The Palaszczuk Government is again putting mining companies above regional communities by cutting the amount of money mining companies pay to guarantee that mines are properly rehabilitated.
With the government's change, mining companies no longer have to pay GST of 10 per cent on the rehabilitation bonds they lodge with the State Government.
"Queensland Labor is letting big mining companies get away without cleaning up their own mess and leaving regional communities to deal with it instead," Senator Larissa Waters, Australian Greens mining spokesperson, said.
"The Palaszczuk Government is letting big mining companies, especially thermal coal companies, get away with packing up and leaving workers, taxpayers and the environment in the lurch.
"The independent Queensland Audit Office has only recently warned that Queensland is at risk of massive liabilities because the government doesn't have enough money in the bank to cover the clean-up costs.
"The State government should urgently increasing rehabilitation bonds to cover the costs of a clean-up and secure the thousands of rehabilitation jobs if the mining companies abandon their liabilities.
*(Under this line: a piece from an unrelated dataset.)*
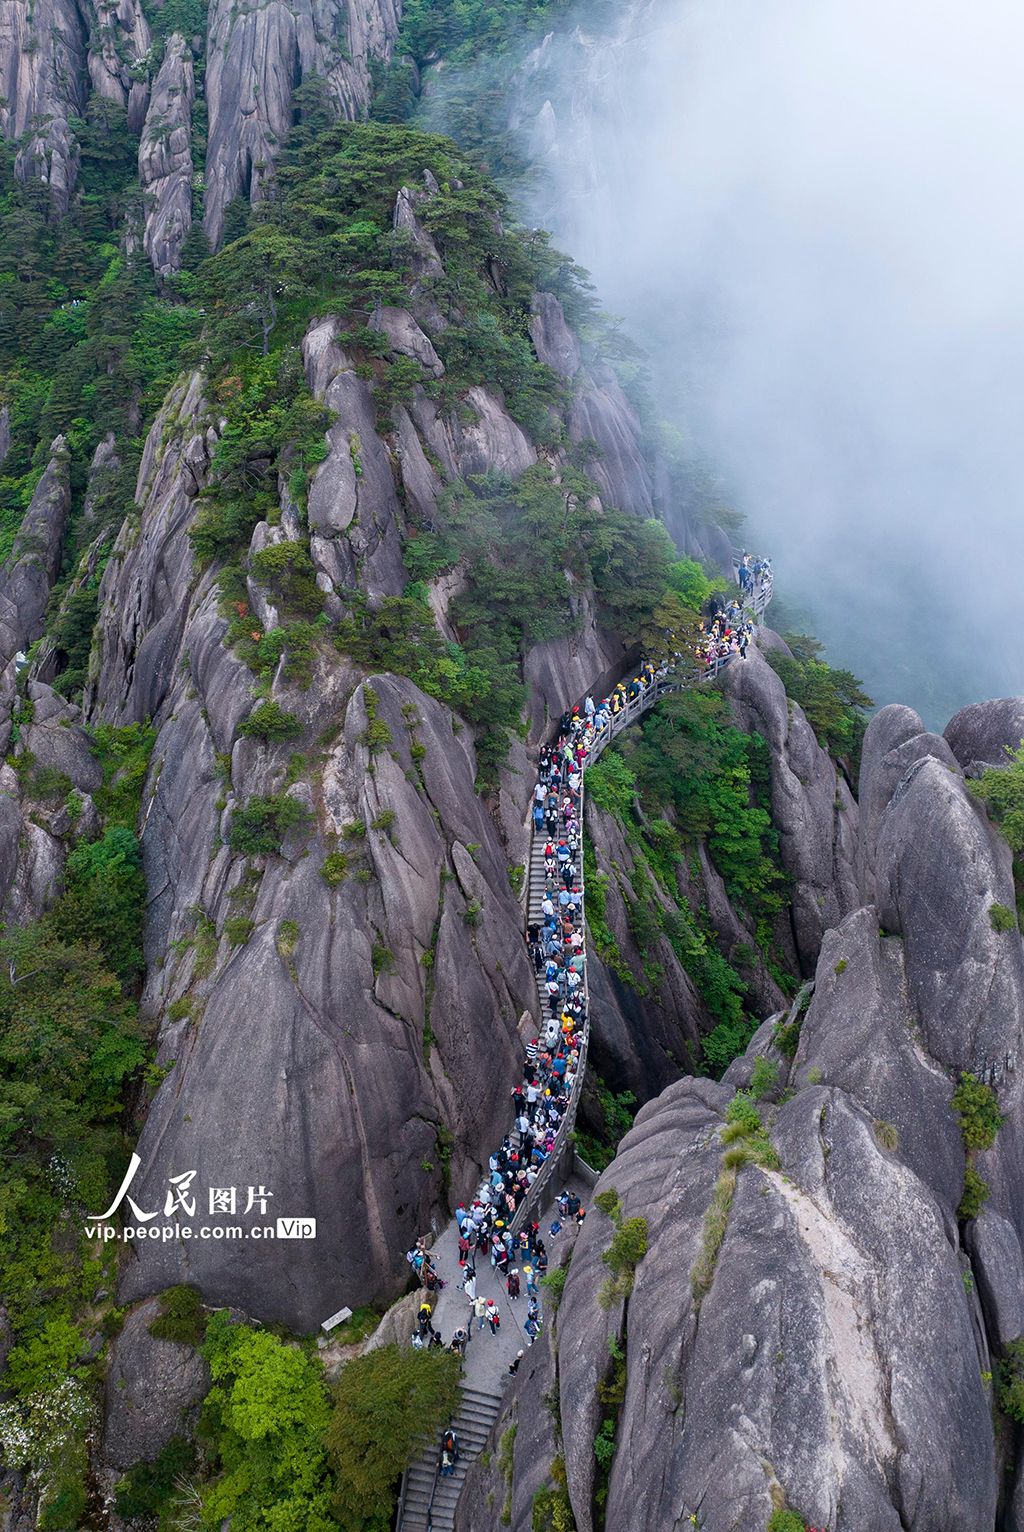  Anhui: Huangshan is full of tourists [7]

"Thermal coal is in structural decline, so coal companies are under unprecedented financial stress, with many at risk of bankruptcy.
"Coal miners Peabody Energy who own six coal mines in Queensland have lost 96% of their share price value in just five years.
"Queensland's failure to secure thousands of rehabilitation jobs by holding vastly adequate rehabilitation jobs is a disastrous failure of regulation," Senator Waters said.
The Greens' Caring for Coal Workers policy for securing thousands of rehabilitation jobs by securing rehabilitation bonds up-front was released in September 2015.